▶ [TASK PROMPT]: An exact copy is required of every line from the one with "Garmin Garmin fēnix" through the end of the data below, and the pictures must stay out of it.

[INPUT DATA Boundary: Start]

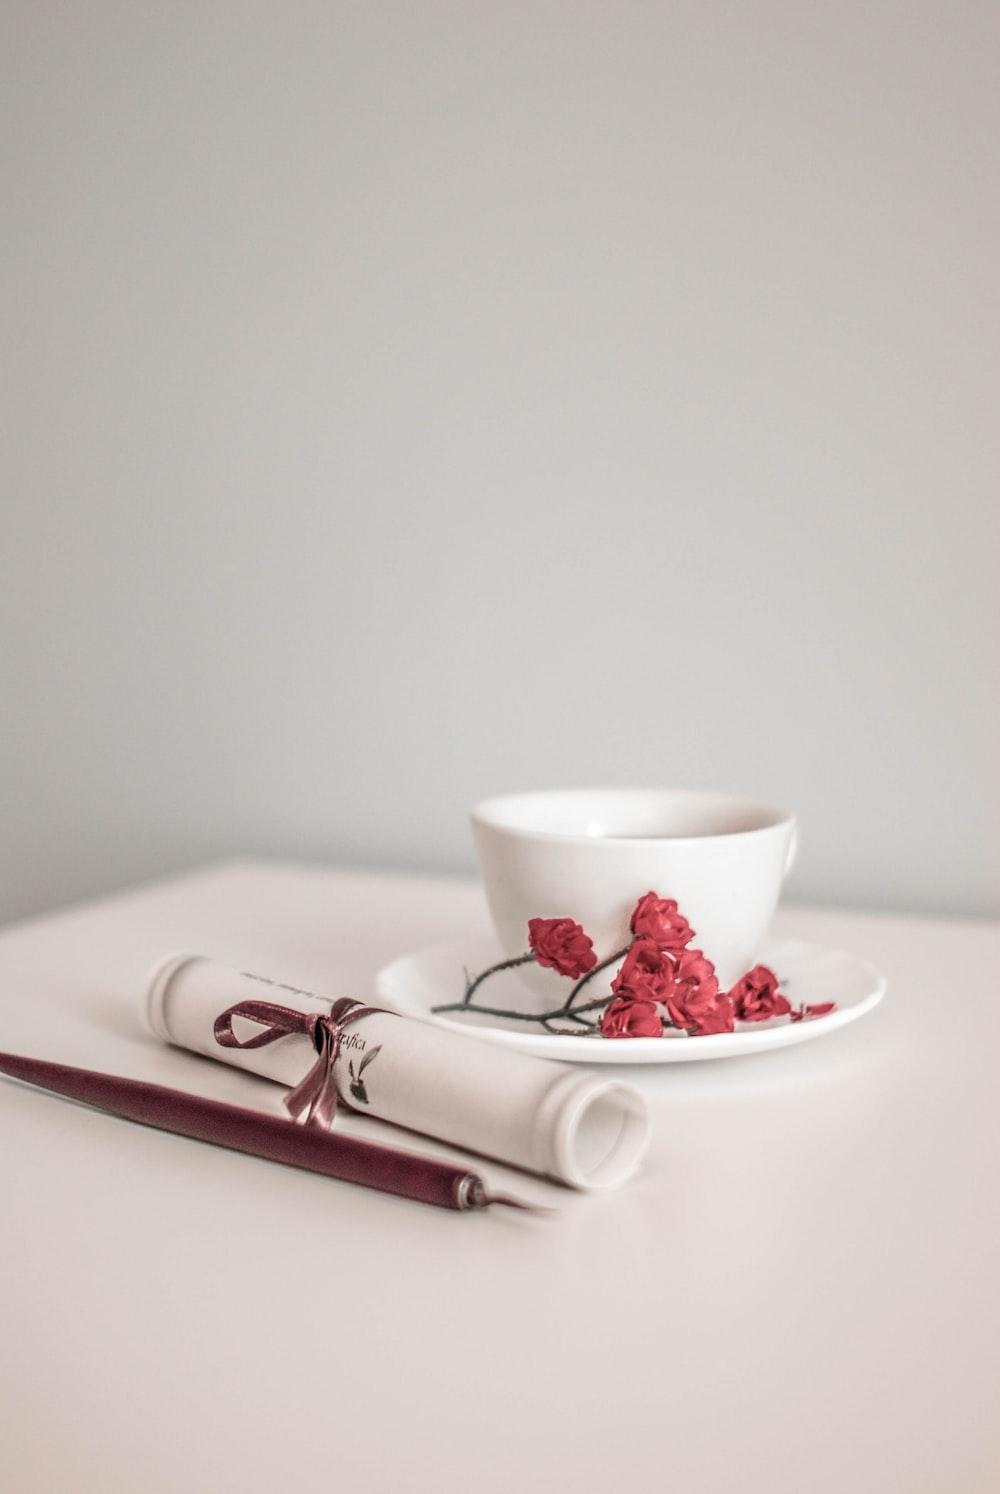 white ceramic bowl on white ceramic plate
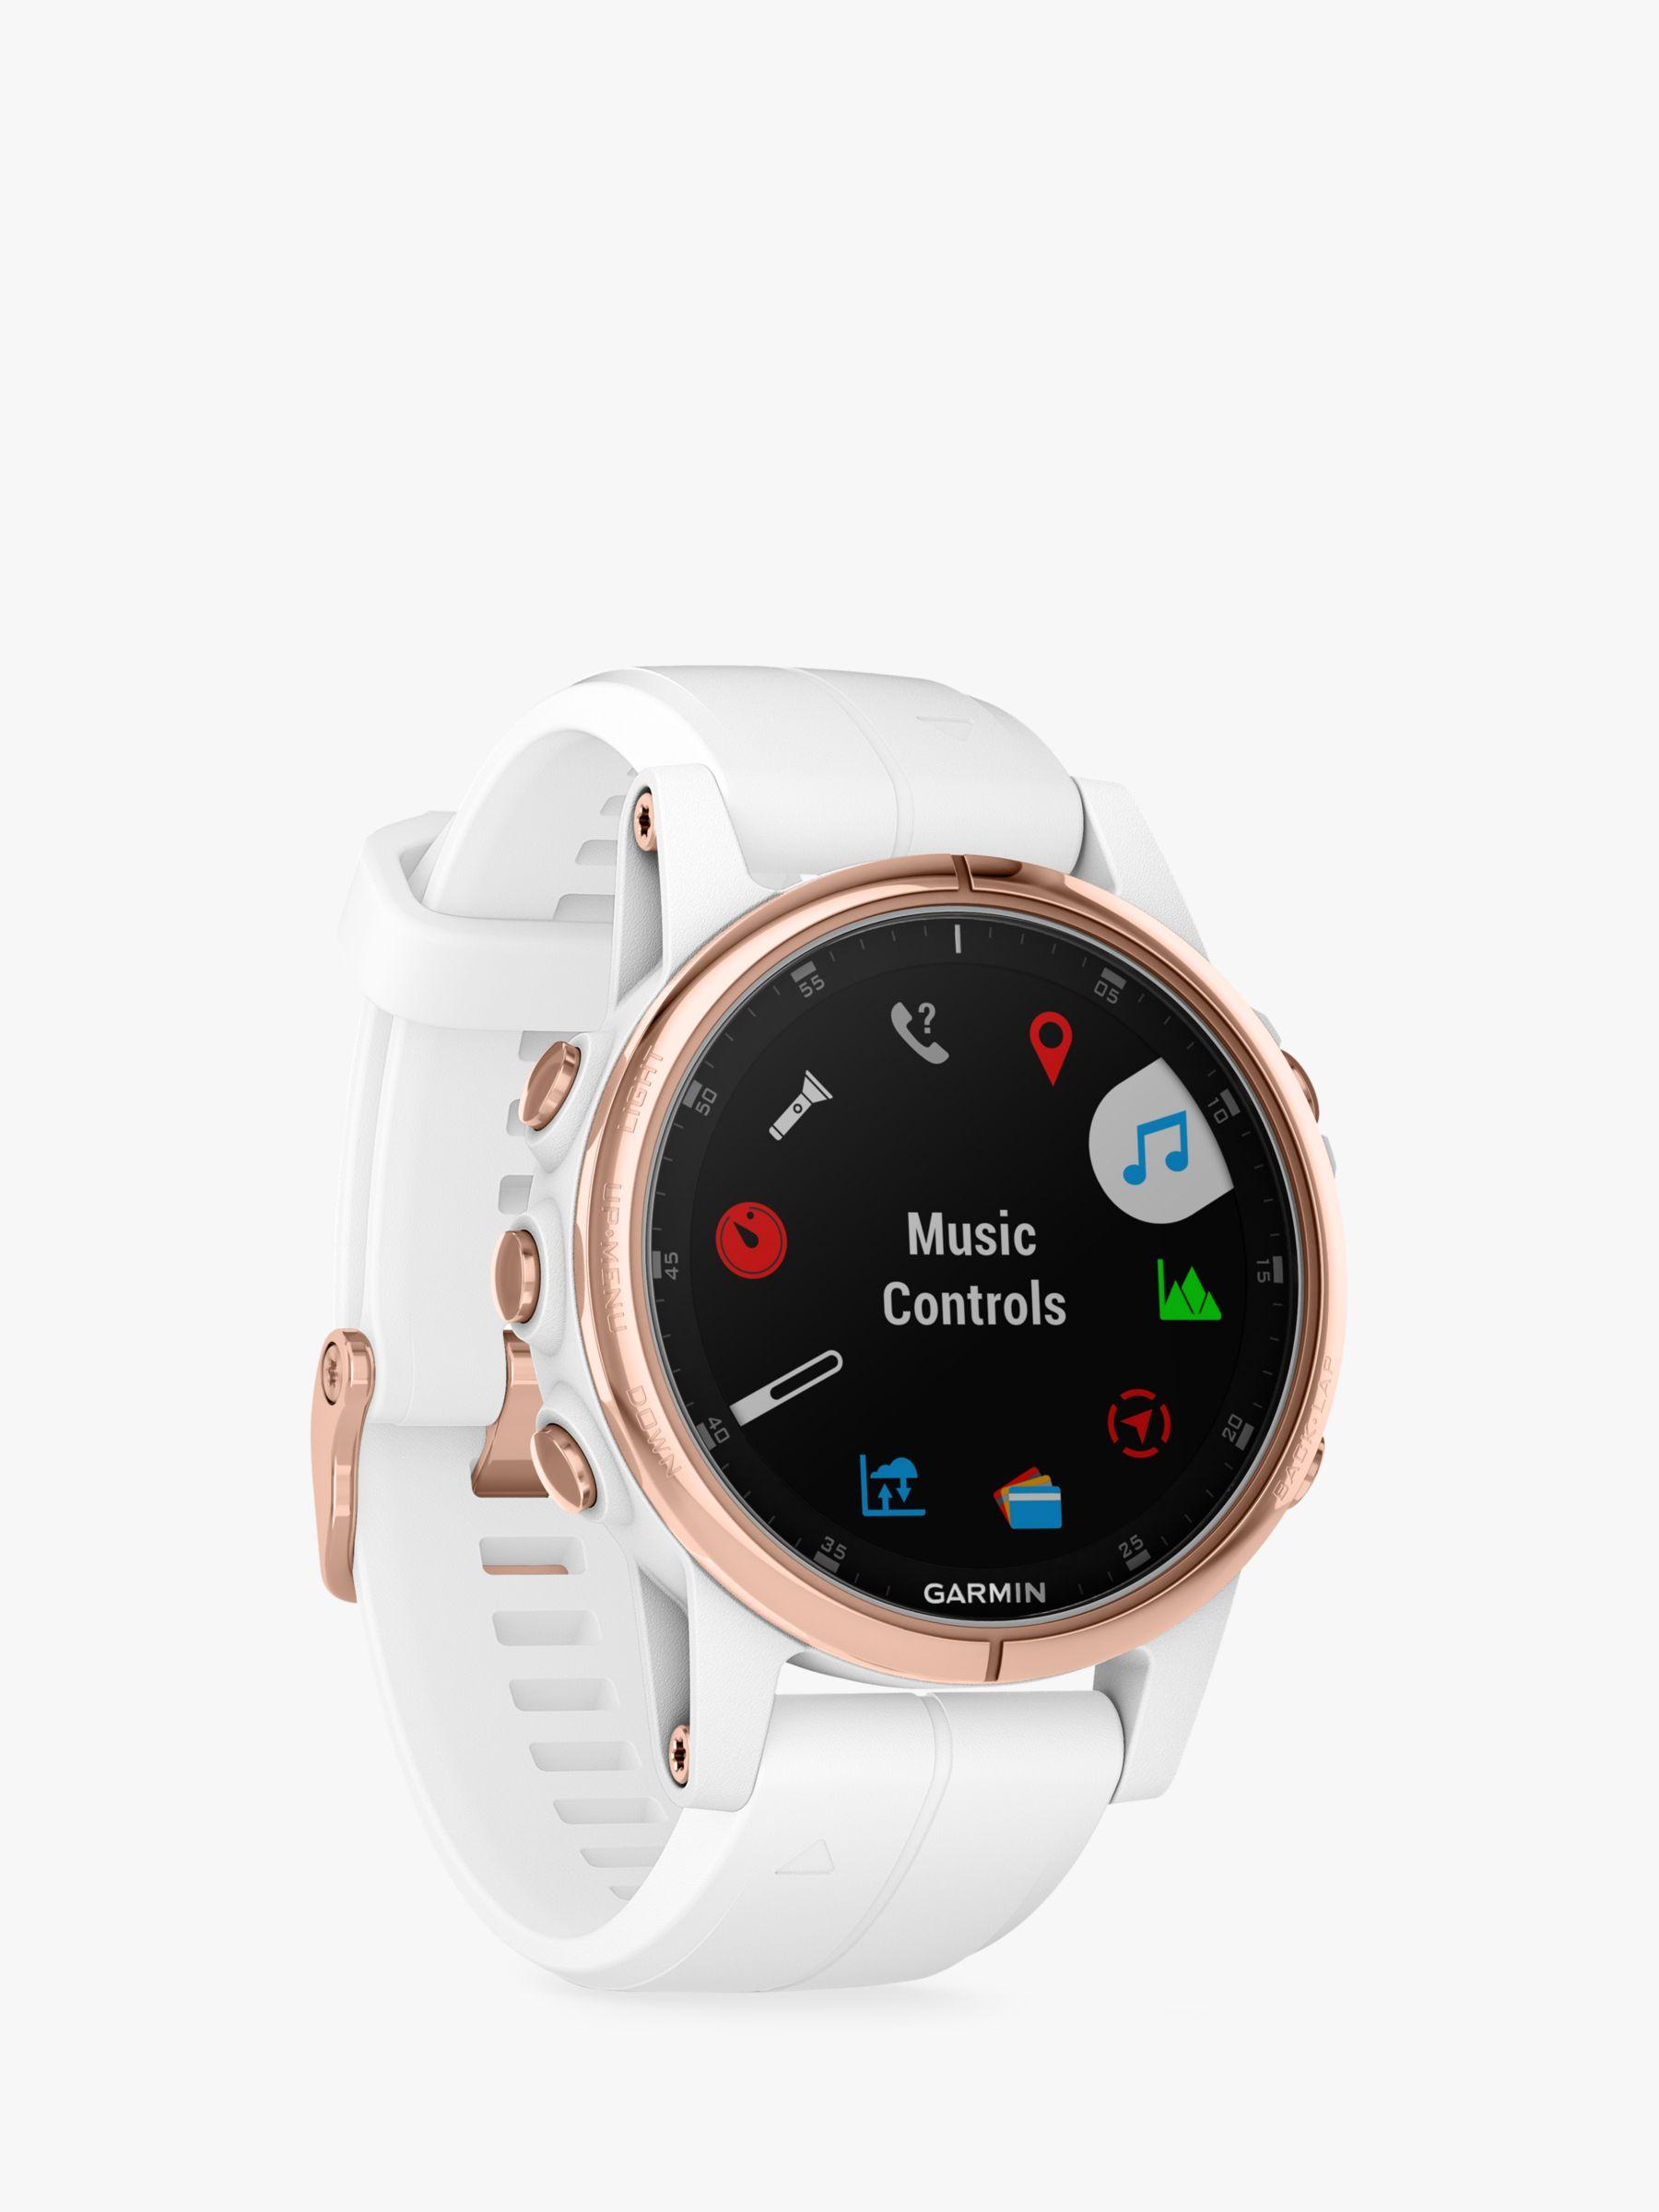 Garmin Garmin fēnix 5S Plus Sapphire GPS Multisport Watch, Rose Gold with White / Rose Gold Band, 4.2cm
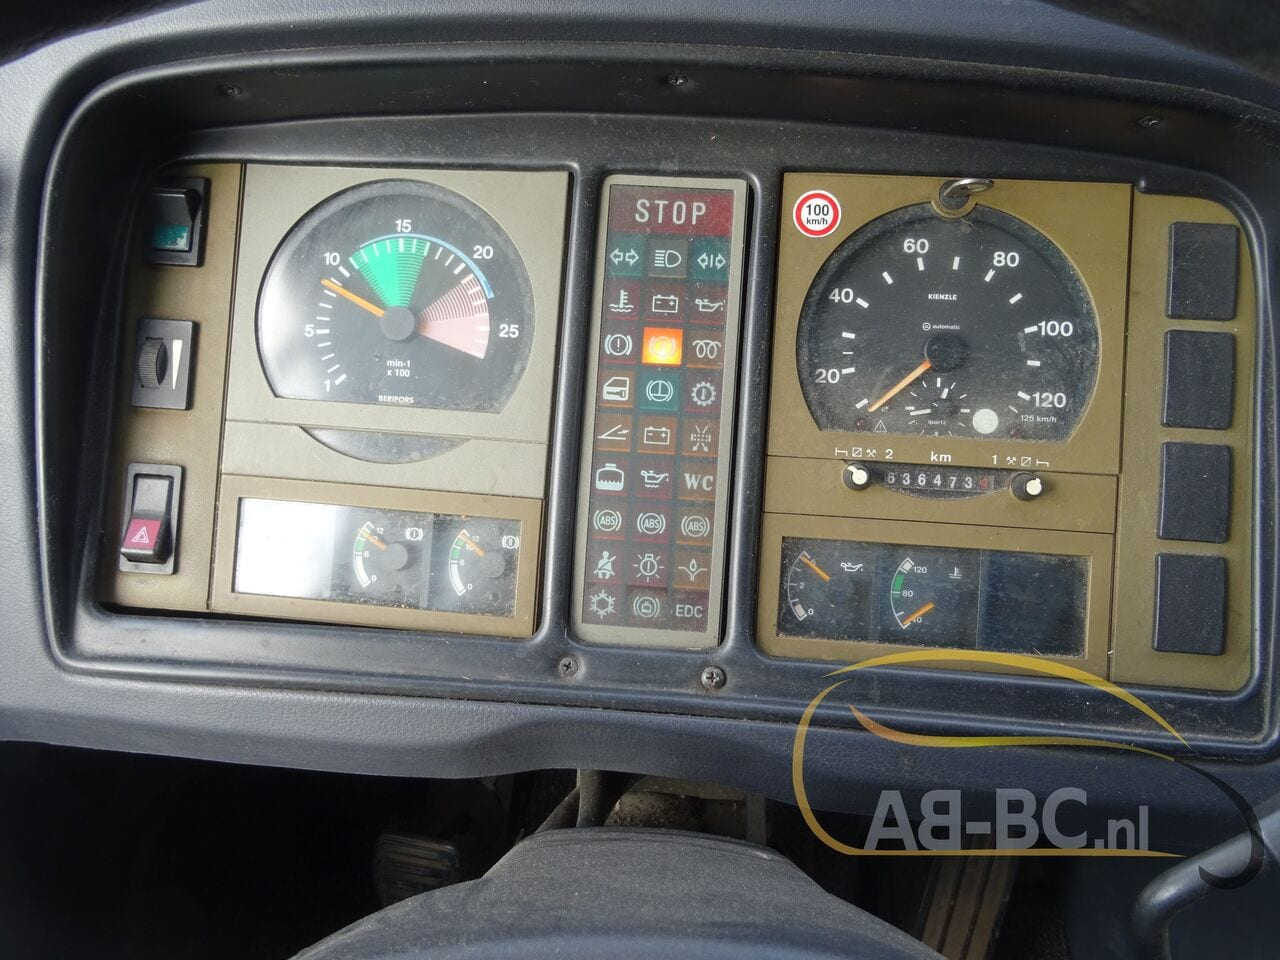 coach-busTEMSA-Safari-RD-65-Seats---1620311910758991249_big_68e2e7e89a0a461383da084197cd7132--21050617272795316700
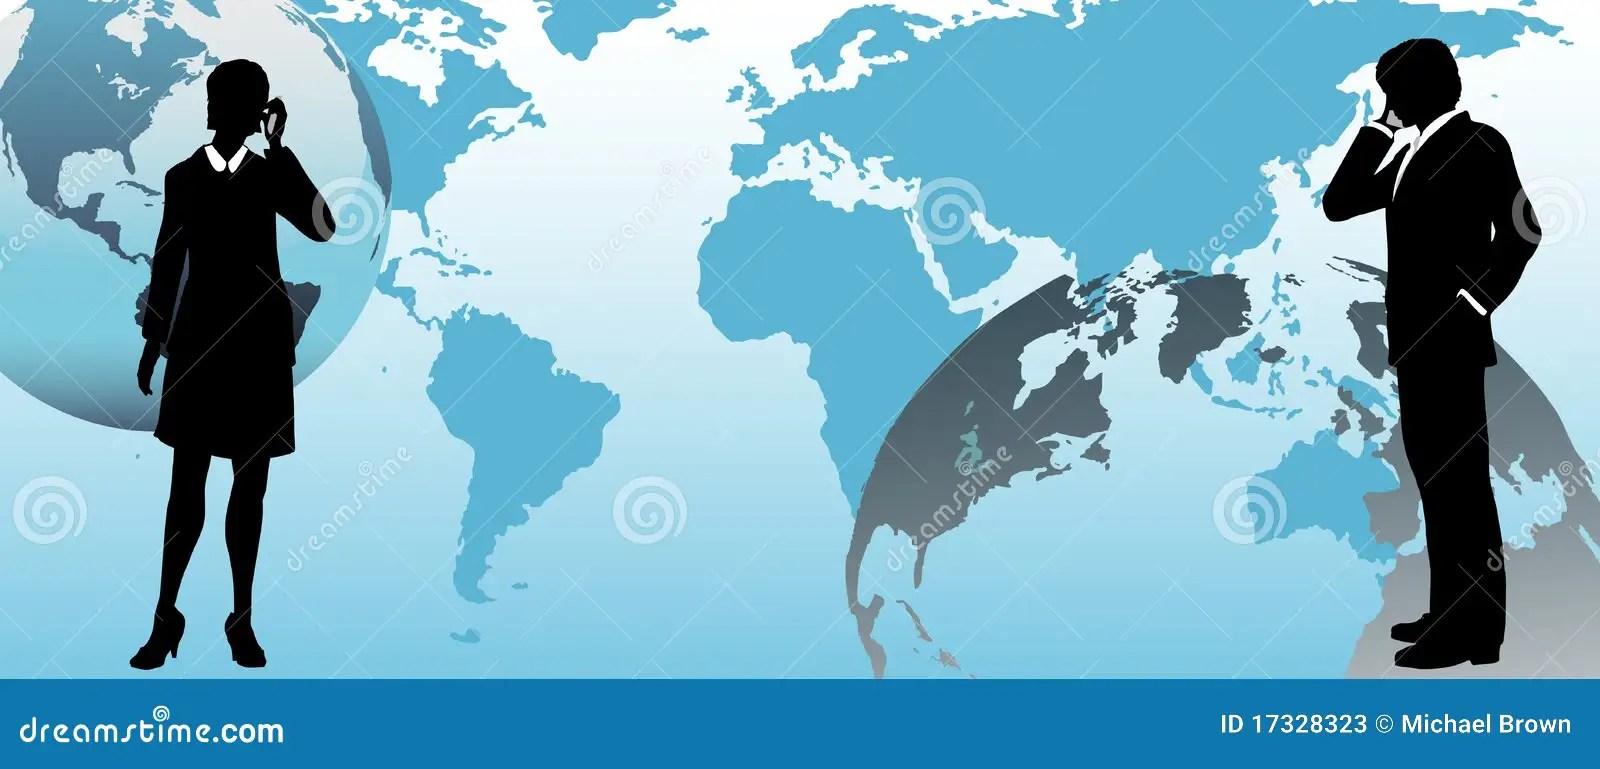 3d Virus Wallpaper Global Business People Communicate Across World Stock

[INPUT DATA Boundary: End]

▶ [REPLY TO THE EXERCISE]:
 Garmin Garmin fēnix 5S Plus Sapphire GPS Multisport Watch, Rose Gold with White / Rose Gold Band, 4.2cm
 coach-busTEMSA-Safari-RD-65-Seats---1620311910758991249_big_68e2e7e89a0a461383da084197cd7132--21050617272795316700
 3d Virus Wallpaper Global Business People Communicate Across World Stock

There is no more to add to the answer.